• **WHAT TO PRODUCE**:
Print nothing except the lines of the listing below from the line with "Oil on masonite" to the line with "19 x 39 unframed, 26 x 46 framed", each exactly as written, both ends included.

*** Opening TASK MATERIAL ***

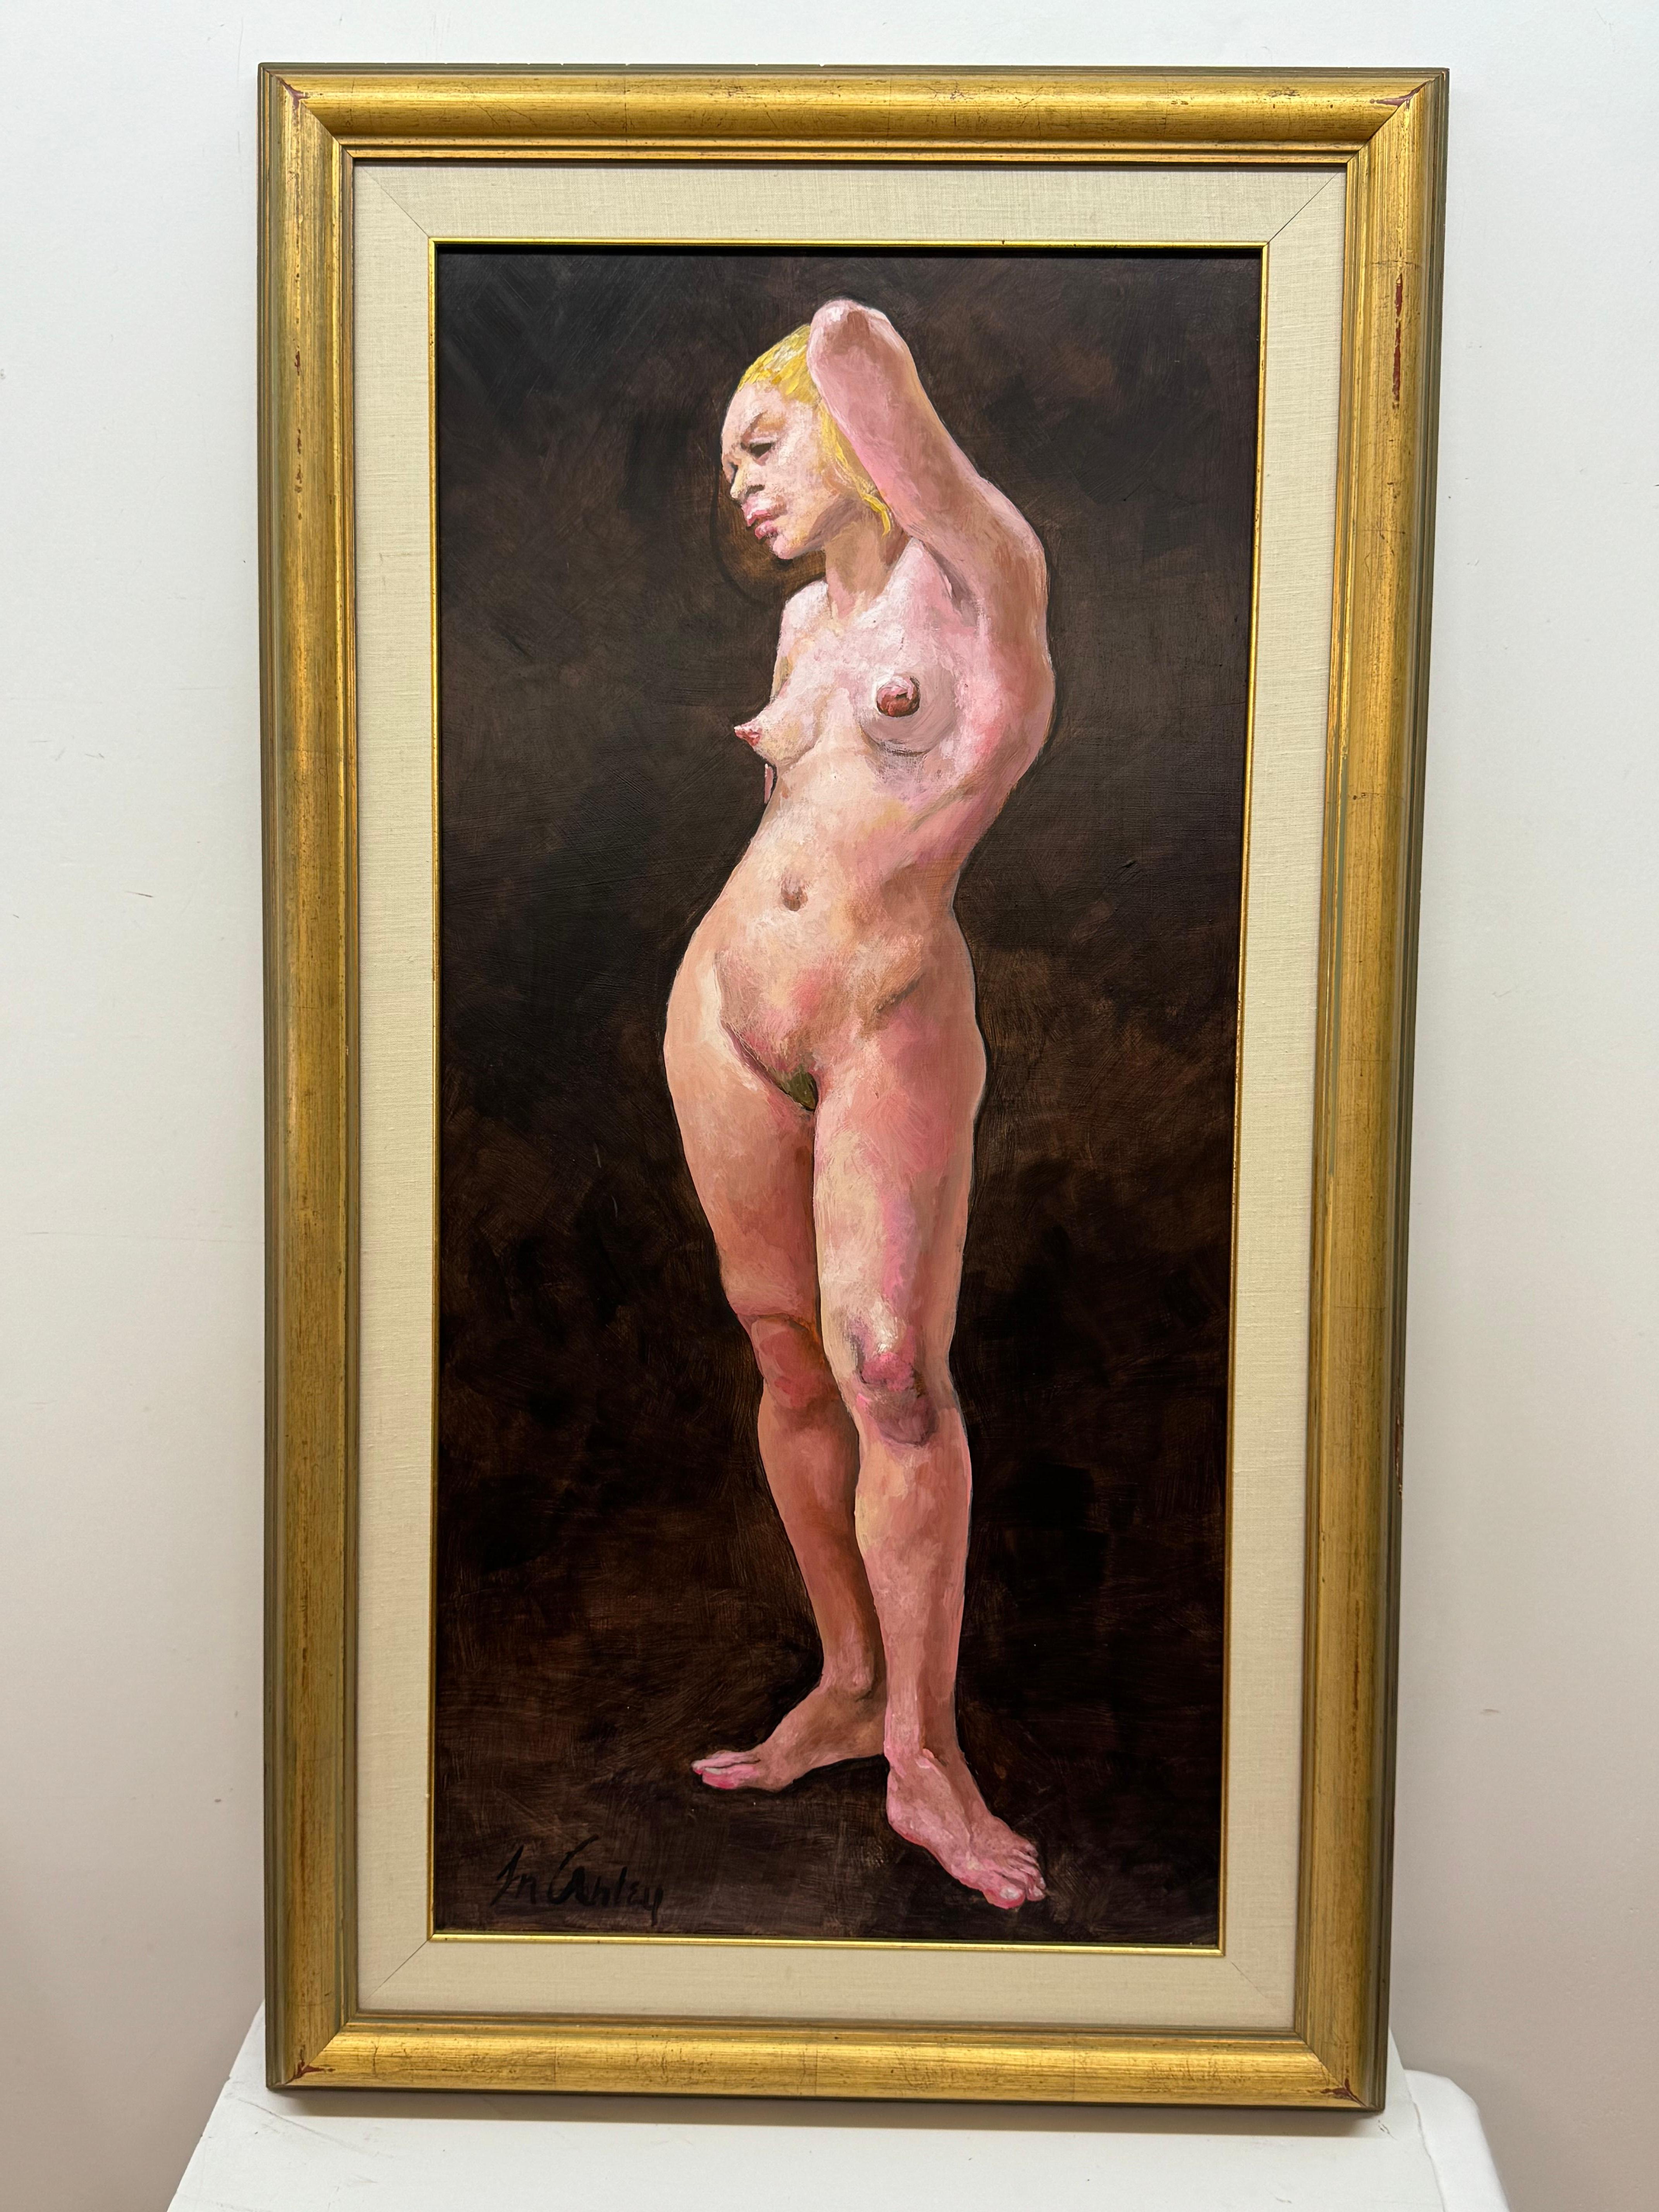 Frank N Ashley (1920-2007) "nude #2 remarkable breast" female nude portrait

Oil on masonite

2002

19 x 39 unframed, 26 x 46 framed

*** Closing TASK MATERIAL ***
*** Opening TASK MATERIAL ***

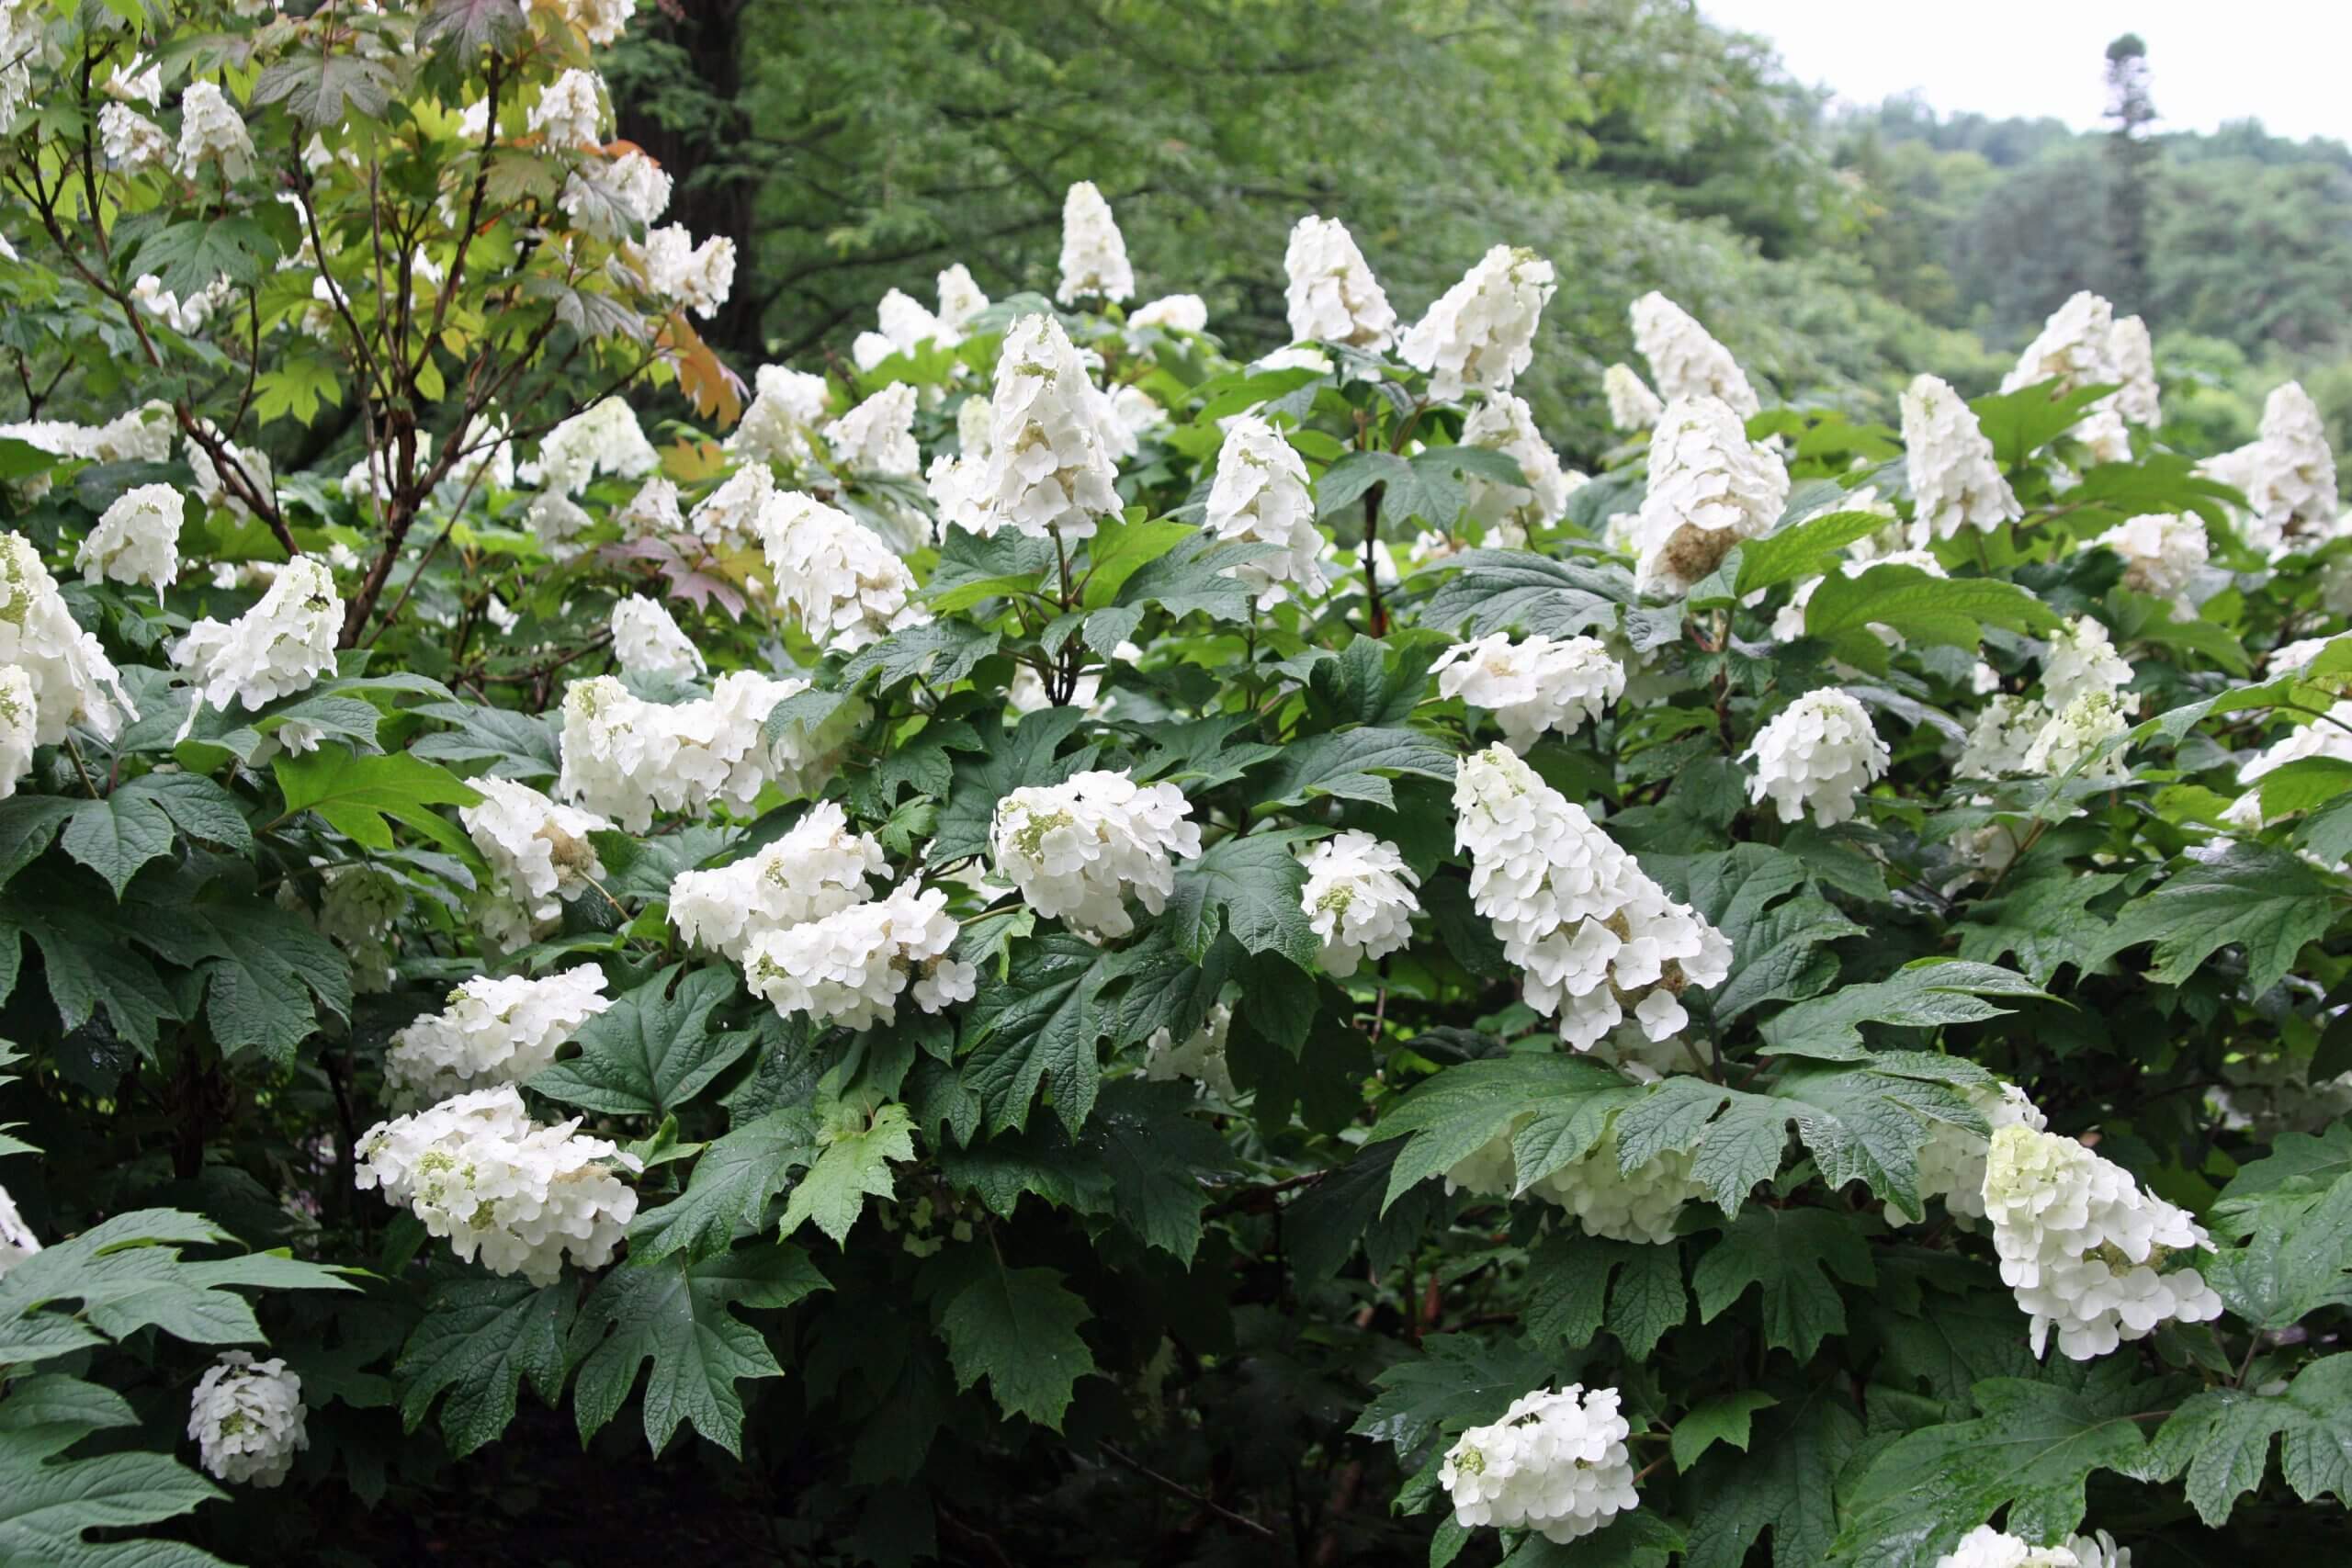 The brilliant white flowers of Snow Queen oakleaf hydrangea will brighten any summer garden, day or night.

*** Closing TASK MATERIAL ***

• **EXERCISE SOLUTION**:
Oil on masonite

2002

19 x 39 unframed, 26 x 46 framed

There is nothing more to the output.